The yearly football battles created would be phenomenal.

The Fighting Irish would get to keep many of its current rivalries like Michigan, Michigan State, and Purdue while adding more.

Notre Dame vs. Texas, vs. Iowa, vs. Nebraska, vs. Wisconsin...

Texas vs. Michigan, vs. Iowa, vs. Ohio State, vs. Wisconsin...

The lists of match ups would go on and on. Even in separate divisions within the Big Ten, fans wouldn't have to be worried about lopsided competition. The amount of solid games would outweigh less competitive matches.

And let's not forget a Big Ten Championship Game.

One pitfall people see, is the amount of traveling.  On paper it may seem like a burden.

While Texas is not located close to the Pac 10 teams, the Big Ten fans are willing to travel. Texas doesn't need help selling out games and fans support them in Austin.

It would be good for the city and instantly cook up rivalries between fans.

The Big Ten could also have an annual national title contender. 

Big Ten Academics

The Big Ten offers something other conferences cannot match. A heavy focus on academics.
Texas would be a perfect fit.
In 2010, Texas was ranked 47th in U.S News and World Reports' list of Best Colleges.
That was top of the list for the Big 12.  In the Big Ten, Texas would be tied for 5th with Penn State in that category.
Northwestern, Michigan, Illinois, and Wisconsin would all be ranked higher.
All Big Ten schools rank within the top 100, Nebraska included. No other BCS conference can make that statement (sorry ACC, Florida State was holding you back). 
The Pac 10 is top heavy with Stanford, Berkeley, USC, UCLA, and Washington. Aside from these schools, none of the other universities are within the top 100.
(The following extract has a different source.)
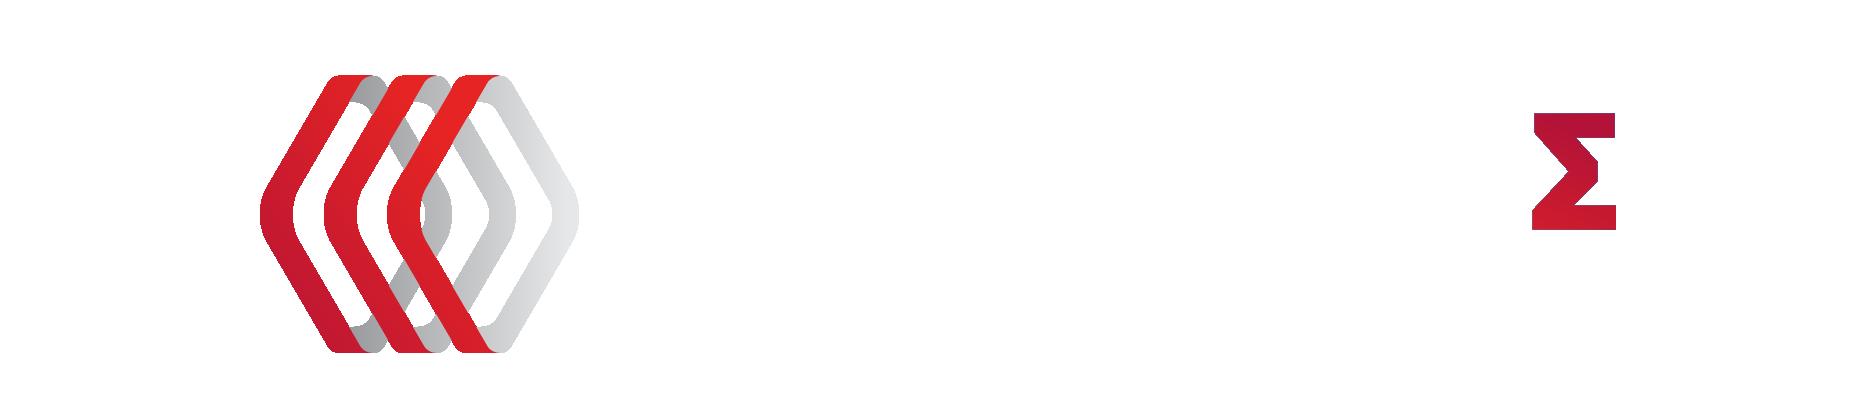 MAILGATES Σ

The SEC have Vanderbilt going for them.

Sports Beyond Football

Although football would be the largest beneficiary of Texas joining, don't forget about the other sports.

Number two in the NCAA in terms of revenue is basketball. And Texas has consistently been a top 25 program in the last 10 years. Add a team like that to Michigan State, Ohio State, Purdue, Wisconsin and Indiana and  the conference could encompass both sports.

For the past four years, Texas has played Michigan State in some of the best regular season games of that time period. Unfortunately, those series of games will be coming to an end.This could be avoided if Texas were in the Big Ten. It would create bigger non-conference match ups for a Texas team that doesn't shy away from competition.

Include them in the ACC/Big Ten challenge each year, watch them play Kansas out of conference early in the season, and then round it out with a pre-season tournament to represent the Big Ten.

The conference could conceivably get 10 teams per year in the tournament. The strength of schedule and conference would be formidable and Texas would benefit from not just facing Kansas in the Big 12 every year.

In addition to being a good basketball program, Texas is perhaps also the top program in baseball. Texas has made 33 appearances in the College World Series. They have six championships. And they could help bring baseball prominence back to the Big Ten.  

The Big Ten Network already shows baseball games, every Texas game could be shown. Other schools would have to start trying to match the competition and Big Ten baseball could be rejuvenated. 

Working Together

It's simple, Texas would make the Big Ten better and the Big Ten would make Texas better.

By staying in the Big 12 or moving to the Pac 10, Texas could be missing out on a lot of money, increased academic exposure and more television coverage of their games.

The standard of the football, basketball and baseball conferences would be improved, as would the amount of revenue generated.

Texas and the Big Ten. The two truly are made for each other.